2.2 Splits and Subdivisions; Dividends. In the event the Company
should at any time or from time to time fix a record date for the effectuation
of a split or subdivision of the outstanding shares of Common Stock or the
determination of the holders of Common Stock entitled to receive a dividend or
other distribution payable in additional shares of Common Stock or other
securities or rights convertible into, or entitling the holder thereof to
receive directly or indirectly, additional shares of Common Stock (hereinafter
referred to as the "Common Stock Equivalents") without payment of any
consideration by such holder for the additional shares of Common Stock or
Common Stock Equivalents (including the additional shares of Common Stock
issuable upon conversion or exercise thereof), then, as of such record date (or
the date of such distribution, split or subdivision if no record date is
fixed), the per share Warrant Price shall be appropriately decreased and the
number of shares of Warrant Stock shall be appropriately increased in
proportion to such increase (or potential increase) of outstanding shares;
provided, however, that the aggregate purchase price shall not be adjusted.

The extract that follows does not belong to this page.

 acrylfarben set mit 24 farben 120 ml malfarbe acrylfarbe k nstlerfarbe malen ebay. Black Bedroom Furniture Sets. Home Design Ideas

2.3 Combination of Shares. If the number of shares of Common Stock
outstanding at any time after the date hereof is decreased by a combination of
the outstanding shares of Common Stock, the per share purchase price shall be
appropriately increased and the number of shares of Warrant Stock shall be
appropriately decreased in proportion to such decrease in outstanding shares;
provided, however, that the aggregate purchase price shall not be adjusted.

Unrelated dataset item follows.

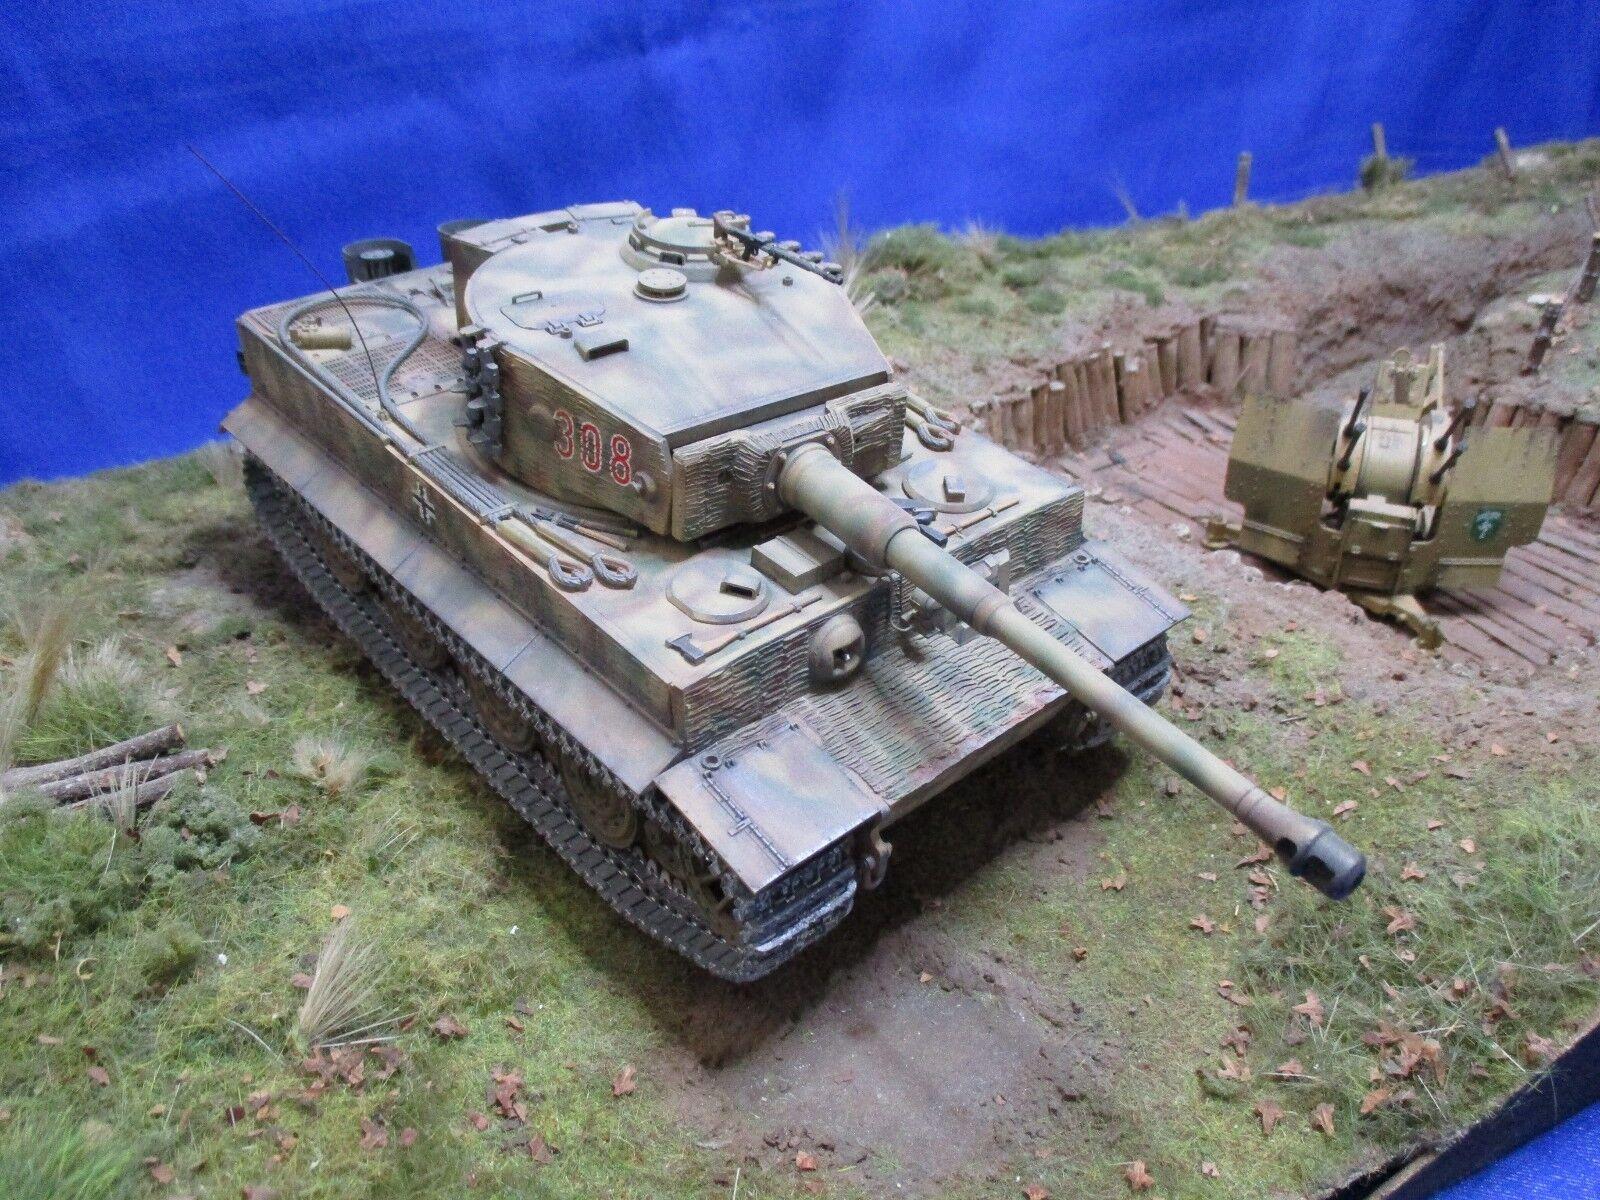 AF008 TAMIYA 35146 1 35 Tigre 1 Panzer Kampfwagen VI Sd Kfz181 Ausfuhrung MONTE

2.4 Adjustments for Other Distributions. In the event the Company
shall declare a distribution payable in securities of other persons, evidences
of indebtedness issued by the Company or other persons, assets (excluding cash
dividends) or options or rights not referred to in Section 2.2, then, in each
such case for the purpose of this Section 2.4, upon exercise of this Warrant
the holder hereof shall be entitled to a proportionate share of any such
distribution as though such holder was the holder of the number of shares of
Common Stock of the Company into which this Warrant may be exercised as of the
record date fixed for the determination of the holders of Common Stock of the
Company entitled to receive such distribution; provided, however, that the
aggregate purchase price shall not be adjusted.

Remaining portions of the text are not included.